Police have spouses, significant others, friends, kids, parents, etc. Generally, in all but the most rabid anti-gun/PC/paternalistic places, the police will go out of their way to exculpate a person they believe to have acted legitimately in self defense. I guess I am fortunate enough to have lived in places where police don’t have a problem with good guys turning the table on bad guys. I know one person who was congratulated by police after she shot a guy (probable career criminal) who followed her and her sister into the house with obvious nefarious intentions. I also have seen police CLEAR suspects as a result of voluntary interviews, contrary to popular belief.

This is absolutely positively correct...

To answer "no" to do you under stand your rights, will make you come across as you being a "smarta**." I suggest you do not do it. Your attitude can get you in alot of trouble and/or get you out of alot of trouble.

If you were "charged" with a crime, then obviously there was enough probable cause for you to be arrested (you didn't say you were convicted or if the case ever went to trial).

The easiest, most simple answer to the question:

I feared for my safety (the safety of others) and I fired in the defensive of my life (or the life of others). Before any further questioning, I would like to talk to an attorney.

How in the heck can those two sentences get you into trouble? Saying nothing, however, can.
 
I am a practicing criminal defense lawyer, and I have seen many more people talk themselves into bigger problems than talk themselves out of a charge in the first place. I have also seen cops lie, cheat, and threaten a suspect's family members to get him to confess (not all are like that, just as not all lawyers are crooks). Folks in the Northwest have probably heard of the Wenatchee witch hunts a few years ago, where an overaggressive detective got a bunch of people to confess to being child molesters when they actually had done nothing at all.

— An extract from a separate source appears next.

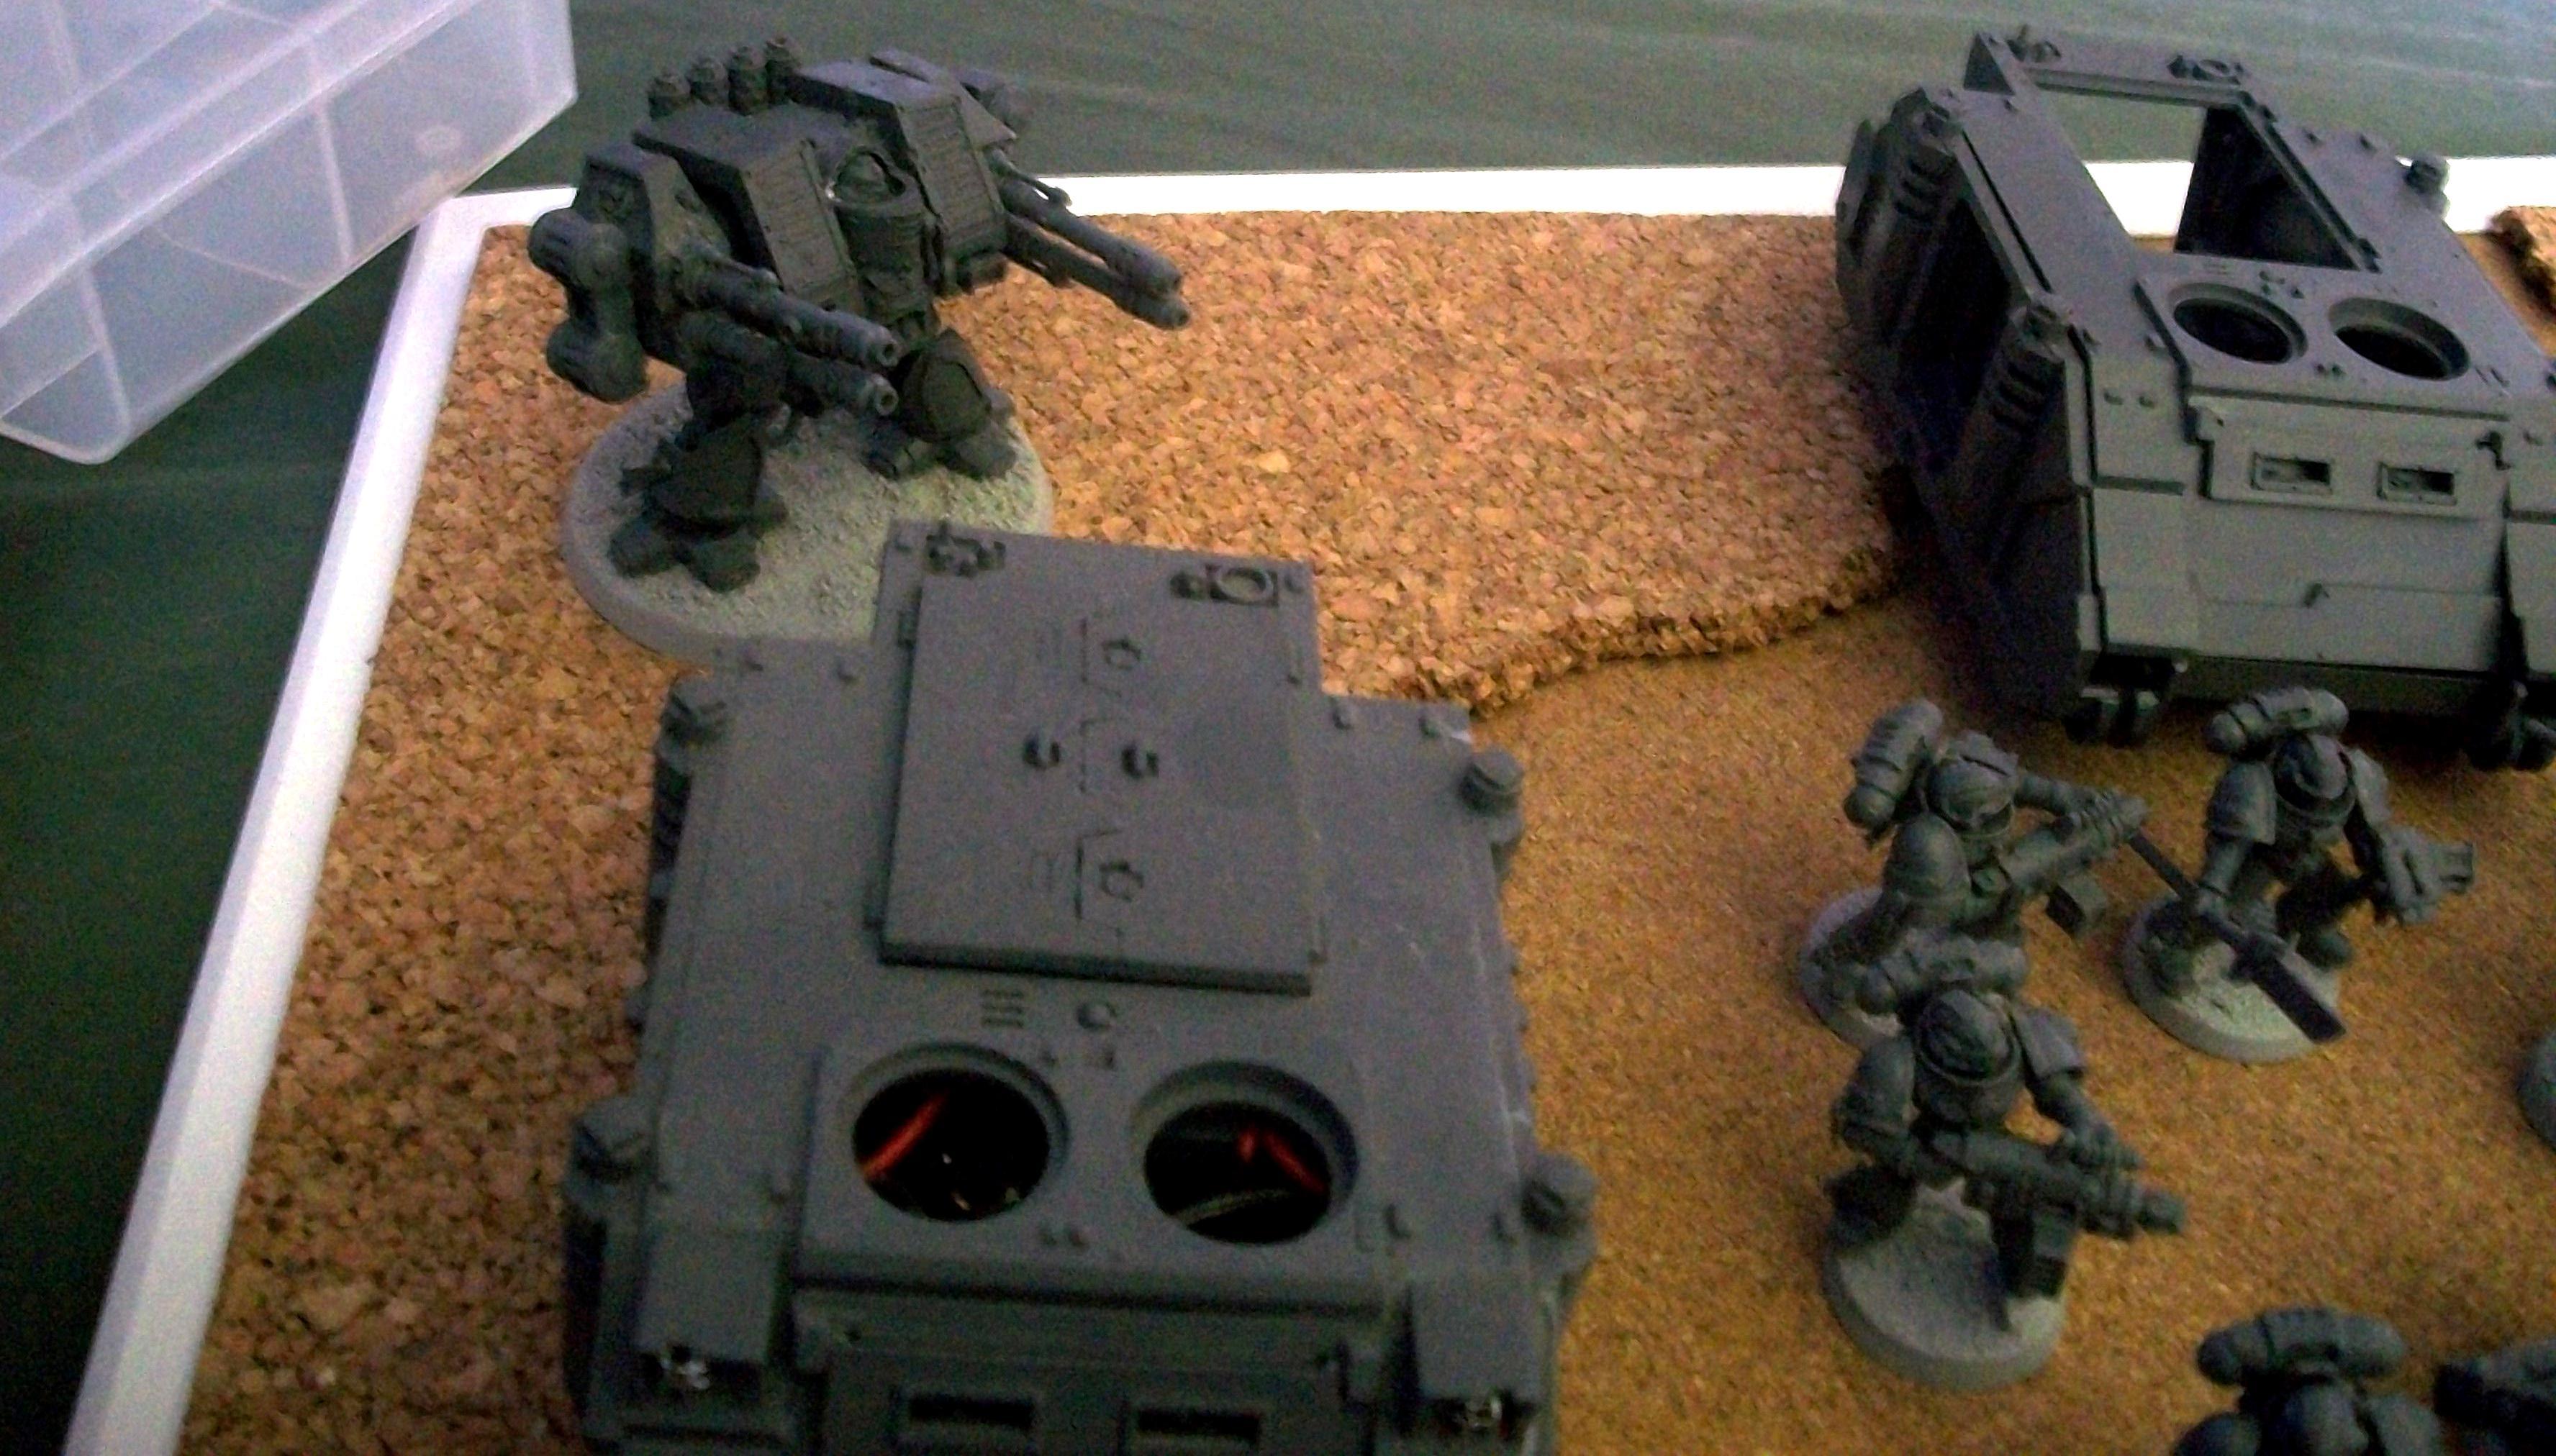 Primered, Showcase, Space Marines, Warhammer 40,000, Work In Progress

Most of them are now out of prison, after being there for several years before the truth came out.

I don't think it's realistic to expect that you can just say "I was in fear" and then shut up; it goes against all your instincts after an adrenaline dump, and the cops will ask follow up questions. Not talking at all is a lot easier to remember and keep straight. The magic words are "I want to talk to my lawyer"; anything you say in response to a question after that can't be used against you. When you get home, write a letter to your lawyer detailing everything you can remember. A lawyer will go to jail himself before handing over an attorney-client letter, and no judge will allow it into evidence if someone does get it.

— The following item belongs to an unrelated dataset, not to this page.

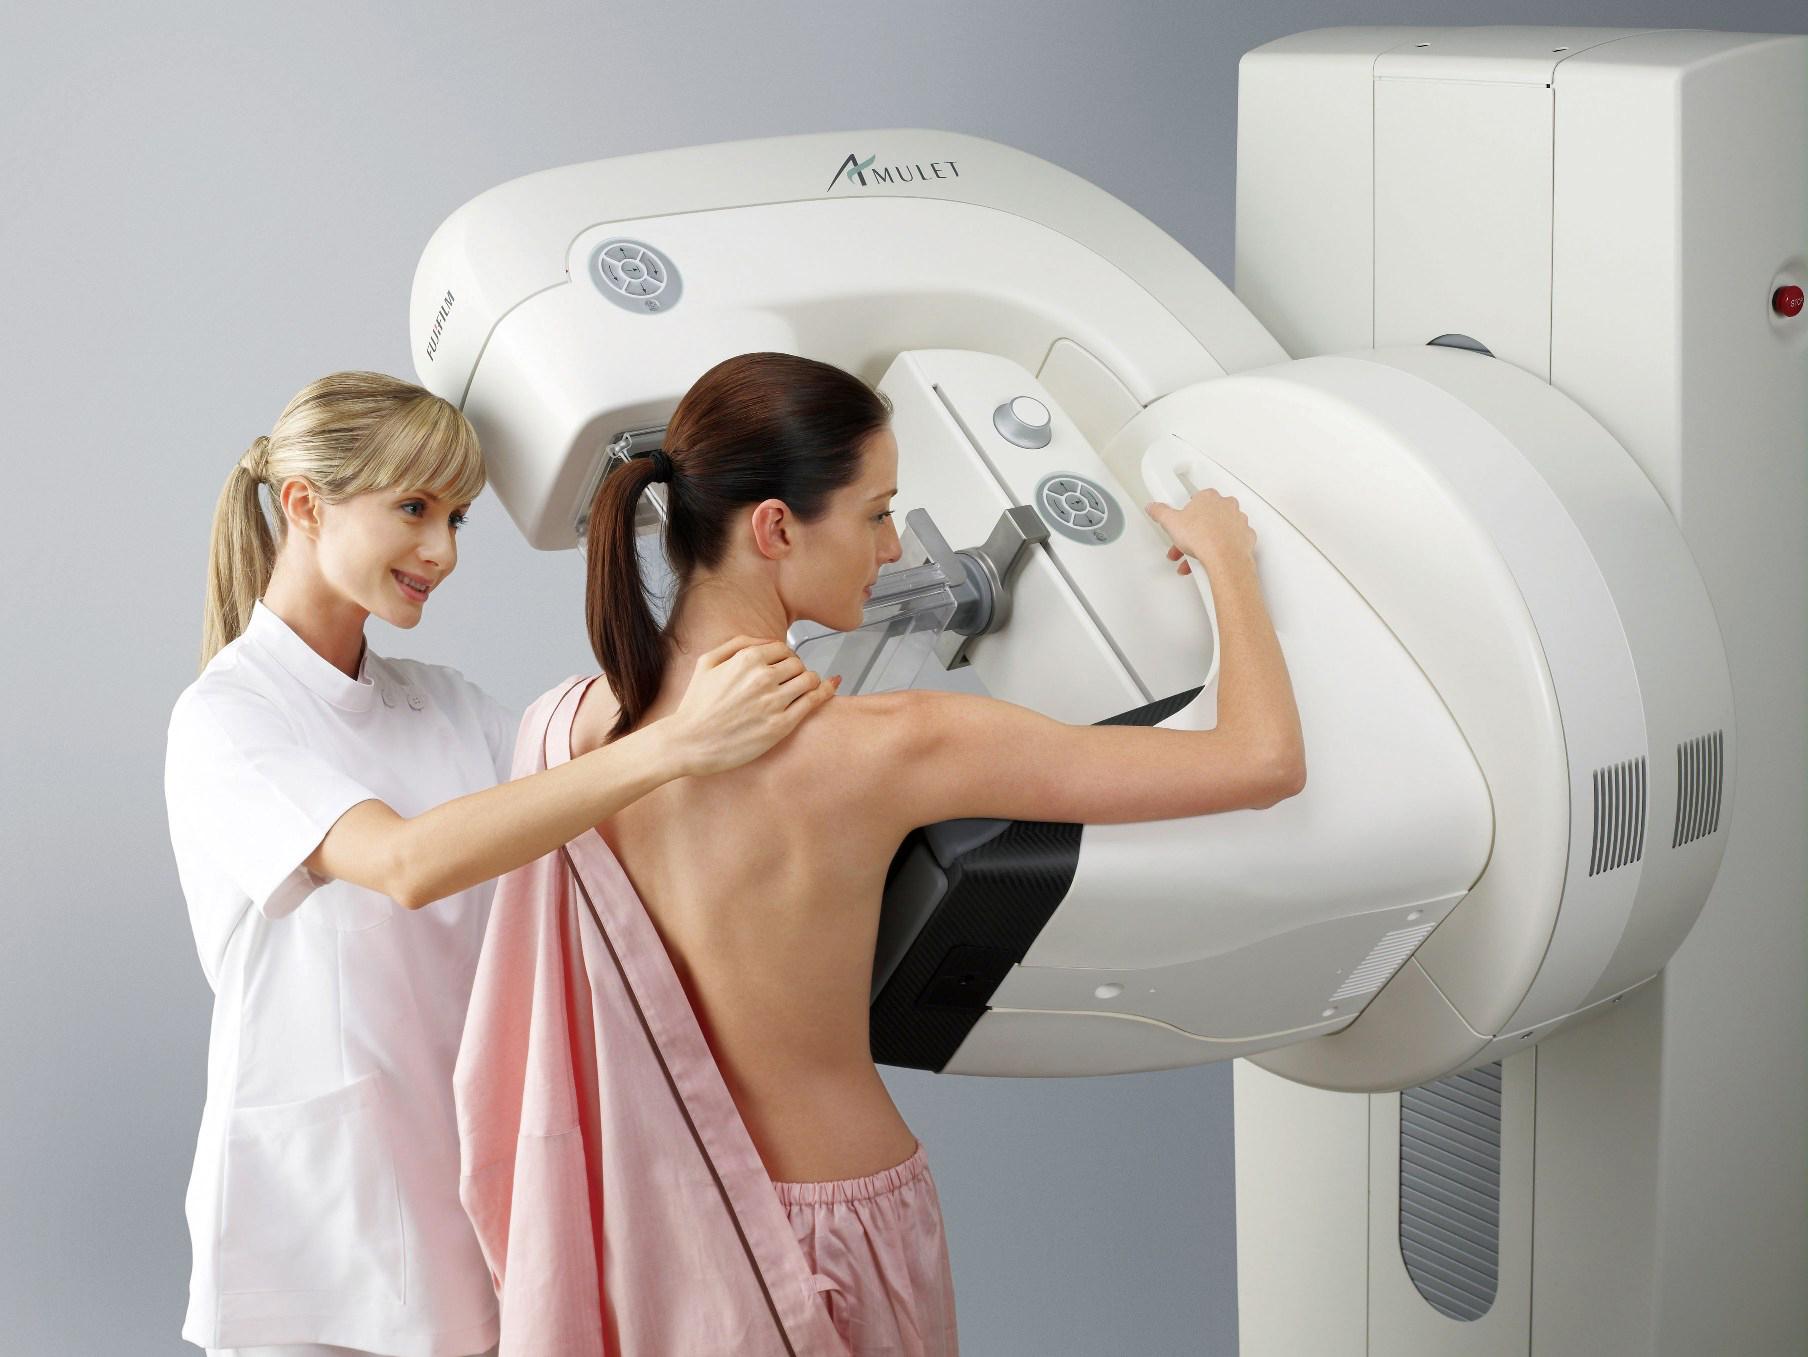 Diminuindo o desconforto nas mamografias

Obviously, who you are, who the shootee is, and where it happened will carry a lot more weight than anything you say. If you shoot someone behind the Bucket of Blood Tavern at 2:00 AM while drunk, you're going to have a hard time selling self defense. If the psycho ex you have a restraining order against kicks in your door and comes at you with an ax, the cops will pat you on the back and walk away.

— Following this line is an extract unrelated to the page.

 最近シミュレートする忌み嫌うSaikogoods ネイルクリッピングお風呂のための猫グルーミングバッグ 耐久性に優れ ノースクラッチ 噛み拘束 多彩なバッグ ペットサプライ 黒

Bottom line, you can't improve the situation by talking. SHUT THE HELL UP!
 
p35...

"I am a practicing criminal defense lawyer..."

Goody! Please raise your right hand and swear to tell the truth.

Did you read the Ayoob article which started this whole thread? If so, what is your take on what happened and why the accused went to jail.

You presented to very different, virtually opposite scenarios to prove your point, but what about what I refered to as virtually neutral ground? It was neither his home nor the Tavern scenario. A hysterical woman is screaming that he killed her husband, the gross evidence supports that accusation somewhat, yet the accused offered no explanation.

" I don't think it's realistic to expect that you can just say "I was in fear" and then shut up; it goes against all your instincts after an adrenaline dump, and the cops will ask follow up questions."

Most of the people on this board probably practise to survive a lethal encounter without panicking. Is it unreasonable to think that they cannot practise to at least offer a basic explanation to an LEO of what happened without panicking there?

I think threads like this help prepare us at least a little bit for that situation.